Preliminary information indicates the engine lost power while the helicopter was in cruise flight. The flight instructor autorotated the helicopter to an open field. The tail boom was severed by the main rotor blades when the helicopter struck the ground.




The tail of a helicopter broke off during a hard landing at about 2:30 p.m. Thursday (March 14) in a field near Eagle Nest.

Assistant Moreno Valley Fire Department Chief Craig Sime said that neither one of the two people onboard the aircraft were injured in the accident, which occurred near the village boundary northeast of Therma Way and Iron Queen Drive.

Village of Eagle Nest employee Amarante Tafoya said he was checking a road in the area when the helicopter came down.

“It just sounded like an engine cut out, and it just smoothly came down and hit the ground,” he said.

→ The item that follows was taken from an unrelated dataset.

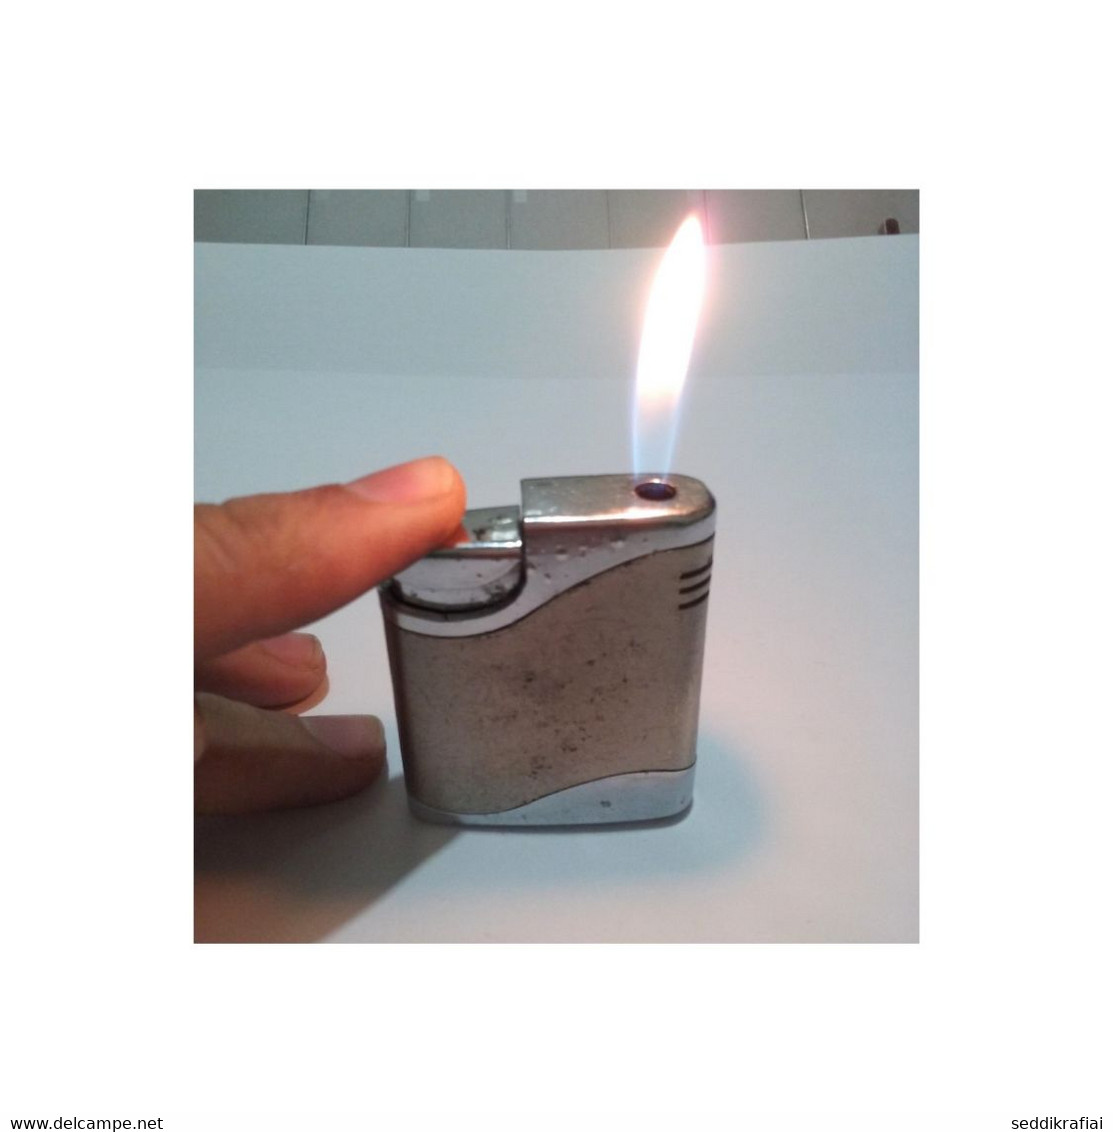 Vintage Lighter Electric Pocket Silver Gas Cigarette Collector's Item Working Very Good

Tafoya estimated that the helicopter fell about 10 feet, and he said the tail broke off while it was still in the air.

“They were kind of sputtering, and then they got to their lowest point and they just cut out and landed right there,” he said.

The New Mexico State Police took control of the scene at about 4 p.m. Thursday.

The helicopter is registered to Global Positioning Services, Inc. of Anchorage, Alaska, according to a search of the aircraft’s N number on the Federal Aviation Administration website.

The helicopter accident came less than two weeks after four people died in a single-engine airplane crash March 3 in Angel Fire, which is about 10 miles south of Eagle Nest.